Sepanjang karirnya menjadi Kapolda Metro Jaya, Tito bertanggungjawab atas keterlibatan kepolisian dalam serangkaian aksi penggusuran di Jakarta.
Tito mengatakan bahwa Polda tidak memiliki kewenangan untuk memimpin relokasi, dan pada dasarnya tugasnya membantu program pemerintah agar relokasi dapat berjalan dengan lancar dan tidak dengan cara kekerasan.
Tito juga membenarkan keterlibatan TNI dalam penggusuran (Kalijodo) dengan alasan diperlukan keterlibatan TNI untuk menghindari konflik dengan institusi lain, karena ada oknum tentara yang “bermain” di Kalijodo”.
Terkait hal ini, Pengacara Publik LBH Jakarta, Arif Maulana menyatakan “Tito inkonsisten dalam menempatkan peran dan fungsi kepolisian”.
Arif menjelaskan bahwa fungsi Polisi berdasarkan UU Nomor 2 Tahun 2002 Tentang Kepolisian diantaranya adalah memelihara keamanan dan ketertiban masyarakat dan memberikan perlindungan, pengayoman dan pelayanan kepada masyarakat.
“Dalam penggusuran di wilayah DKI Jakarta, hampir seluruhnya masih belum jelas status kepemilikan tanahnya, sehingga kehadiran Polisi dalam situasi penggusuran, semestinya bukanlah sebagai pihak yang turut membantu melakukan penggusuran, melainkan memelihara keamanan dan ketertiban masyarakat," jelas Arif.
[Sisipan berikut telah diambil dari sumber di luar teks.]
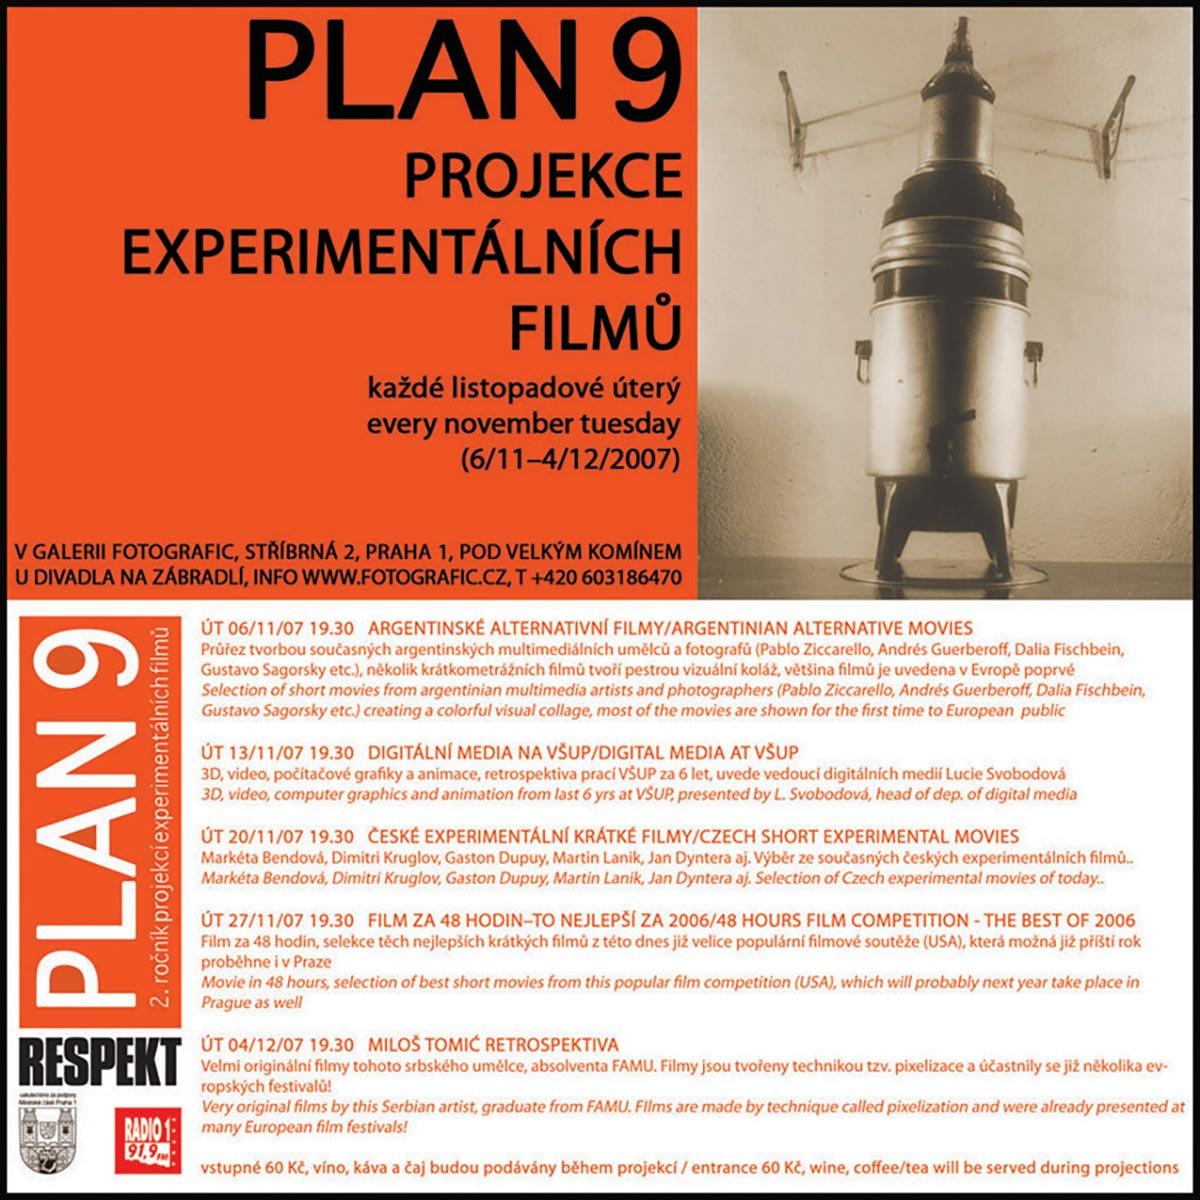 PLAN 9 2007 film festival poster

Arif menambahkan, begitupula halnya dengan keterlibatan TNI, alasan yang dikemukakan Tito juga tidak serta merta menjadi dasar pembenar terhadap penyalahgunaan tugas dan fungsi TNI.
Pelanggaran HAM di Papua
Sepanjang tahun 2013, Tito yang pada saat itu menjabat sebagai Kapolda Papua, diduga bertanggung jawab atas rangkaian dugaan pelanggaran HAM berupa penembakan, penghilangan paksa, pembunuhan, pelarangan dan pembubaran unjuk rasa yang diantaranya mengakibatkan korban 3 tewas, 2 luka-luka dan penangkapan sewenang-wenang terhadap 26 orang.
Terkait dengan dugaan adanya penangkapan dan atau penahanan sewenang-wenang, dikonfirmasi oleh Komisioner Komnas HAM, Natalius Pigai yang menyebutkan bahwa Tito memang melanjutkan kebijakan terkait tahanan politik, sekalipun angkanya tidak sebanyak sebelumnya.
Terkait hal ini, Ichsan Zikry menyebutkan “Catatan terkait dugaan pelanggaran HAM di Papua sepanjang Tito menjabat sebagai Kapolda menunjukkan adanya kontradiksi antara sosok seorang Tito yang disebut-sebut sebagai orang yang sangat memahami nilai-nilai HAM, justru pada kenyataannya masih ikut serta menjadi bagian dari pelaku pelanggar HAM dan tidak benar-benar menghormati, memenuhi, melindungi Hak Asasi Manusia secara utuh”.
Berdasarkan catatan-catatan kami diatas, LBH Jakarta menuntut sebagai berikut:
1. Kepada siapapun kandidat Kapolri terpilih untuk memastikan reformasi di tubuh Polri khususnya dalam mendorong profesionalisme, independensi, trasparansi dan akuntabilitas kepolisian dalam menjalankan tugas dan fungsi kepolisian;
2. Kepada kandidat Kapolri terpilih untuk mendorong terwujudnya polisi sipil yang humanis dengan memastikan komitmen Kepolisian RI untuk menghormati, memenuhi dan melindungi Hak Asasi Manusia dalam menjalankan tugas dan fungsi Kepolisian;
3. Mendesak kandidat Kapolri, Tito Karnavian untuk meminta maaf dan bertanggungjawab atas segala tindakan terkait pengekangan kebebasan berekspresi dan berpendapat, tindak kekerasan, kriminalisasi, dan penyalahgunaan wewenang yang pernah dilakukan.